Mastürbasyon ve parmak emme her ikisi de elleri kullanarak vücutta bir haz alma ve doygunluk elde etme faaliyetidir. Fakat bunların ikisi arasında bir bağıntı aramak yersizdir, bir yakıştırmadır. Parmak emen çocukların ileri hayatlarında parmak emmeyen çocuklardan daha sik mastürbasyon yaptıklarını gösteren bir inceleme yoktur. (D. Çaglar-1981)
Parmak emmede çocuklar bir haz elde etme doyum sağlamak için yaparken, tırnak yiyen çocuklar ise gergin, kolayca heyecanlanan ruhsal psikolojik sorunları olan çocuklarda görülür.

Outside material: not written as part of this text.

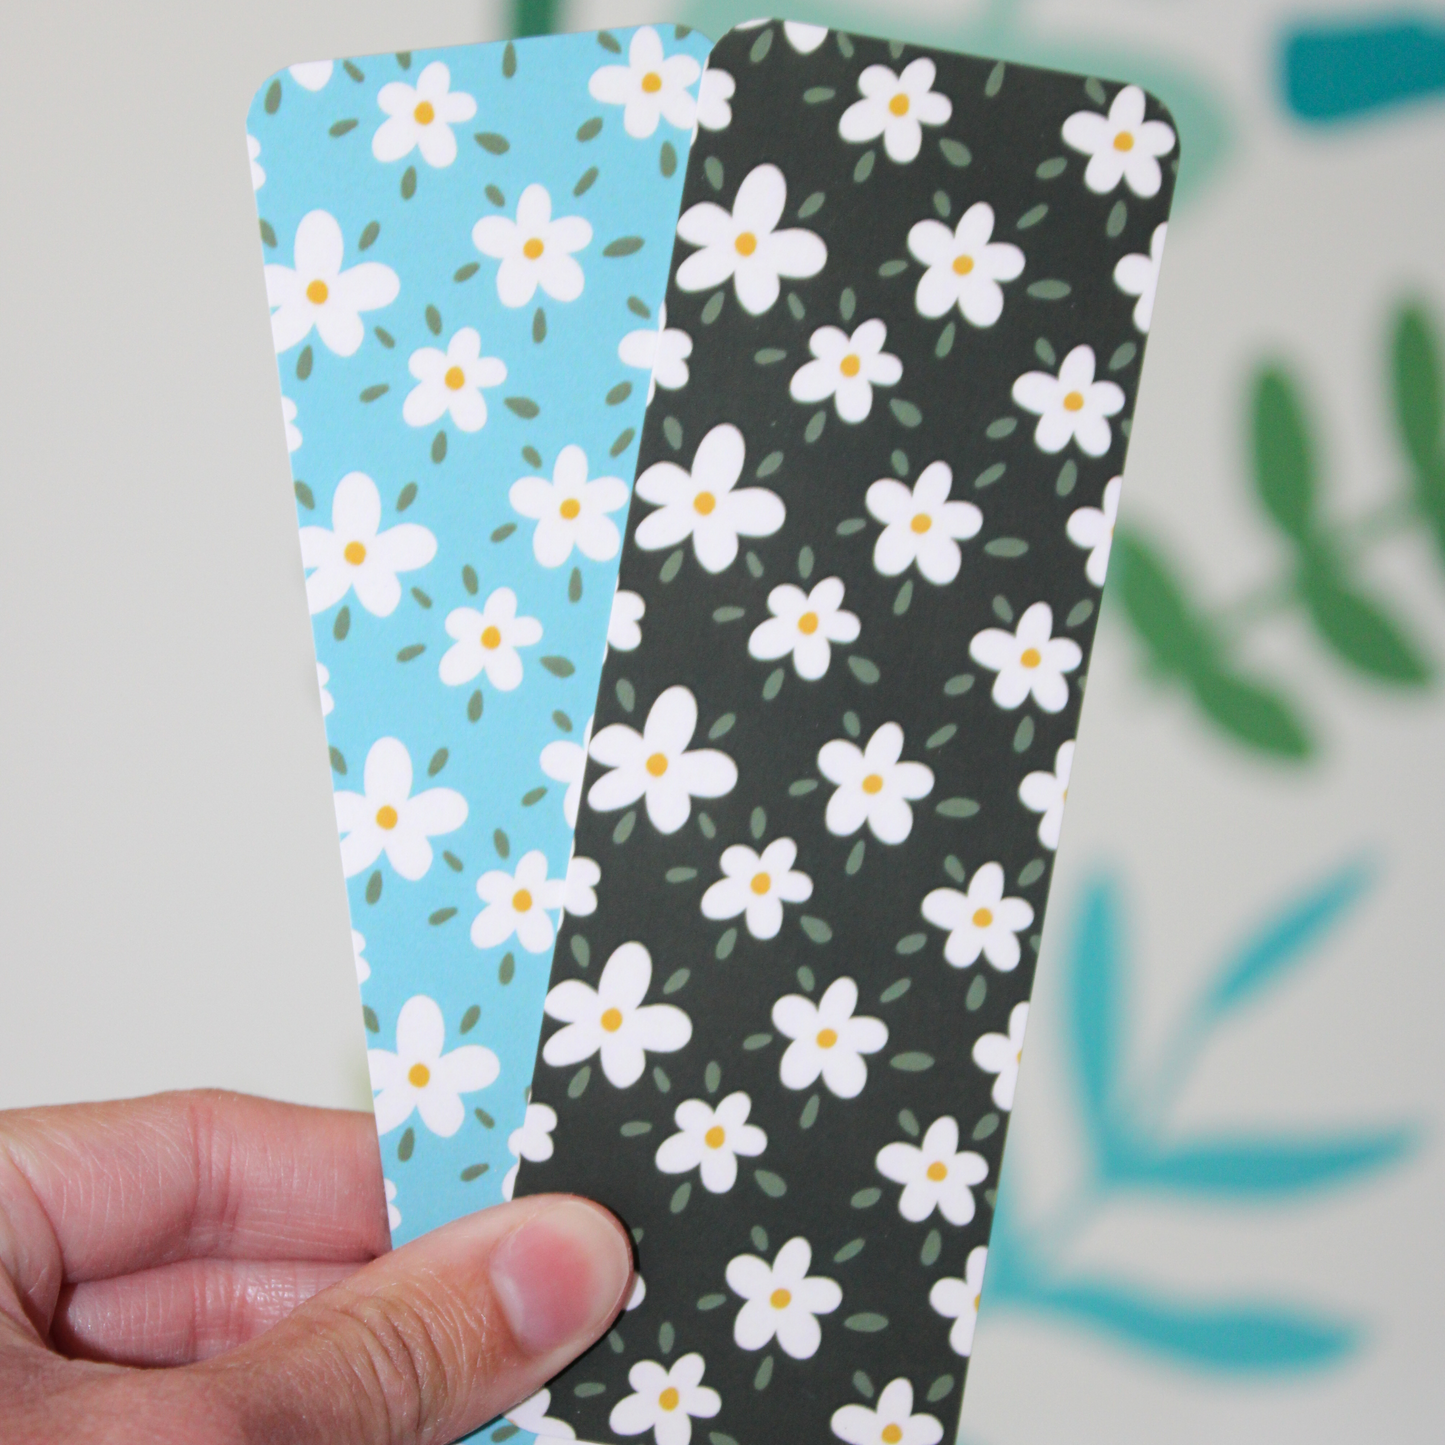 Hand holding two bookmarks, the blue daisy and the black daisy. Blurred leaf pattern in background.

Parmak Emmenin Düzeltilmesi İçin Alınabilecek Önlemler

      Anne ve babaya parmak emmenin zararsız bir faaliyet olduğu açıkça anlatılmalıdır. Parmak emmenin biraz önce değindiğimiz gibi diş deformasyonlarına sebep olmadığı, bir hastalık mahiyetinde olmadığı açıkça anlatılmalıdır. Çünkü halk arasında parmak emmenin günah olduğu, çocukların mastürbasyon gibi bozuk bir cinsel haz aracı olarak yaptıkları hatta dini bakımdan büyük bir günah sayılacağı ve sayıldığı kanisi hakimdir. Bu batıl inançların silinmesi alınacak tedbirlerin başında gelir. Çünkü buna inanan anne, baba ve aile büyükleri ömür boyu sürecek bu kötü alışkanlıktan çocuklarını vazgeçirmek için çok şiddetli tedbirlere başvururlar. Hatta çocukların parmaklarına acı biberler sürenler, dayak atanlar, ellerini kollarını arkadan bağlayanlar,eline parmaklarına iğne batırıp onlar unutamayacakları acı verecek cezalar uygularlar. Bu tenkitler, azarlamalar, dayak atmalar, parmağa acı sürmeler çocukta olumsuzluğun yükselmesine neden olabilir. Anne babayı rahatsız etmek için bir davranış olarak kalmasını pekiştirebilir.(D. Çağlar-1981)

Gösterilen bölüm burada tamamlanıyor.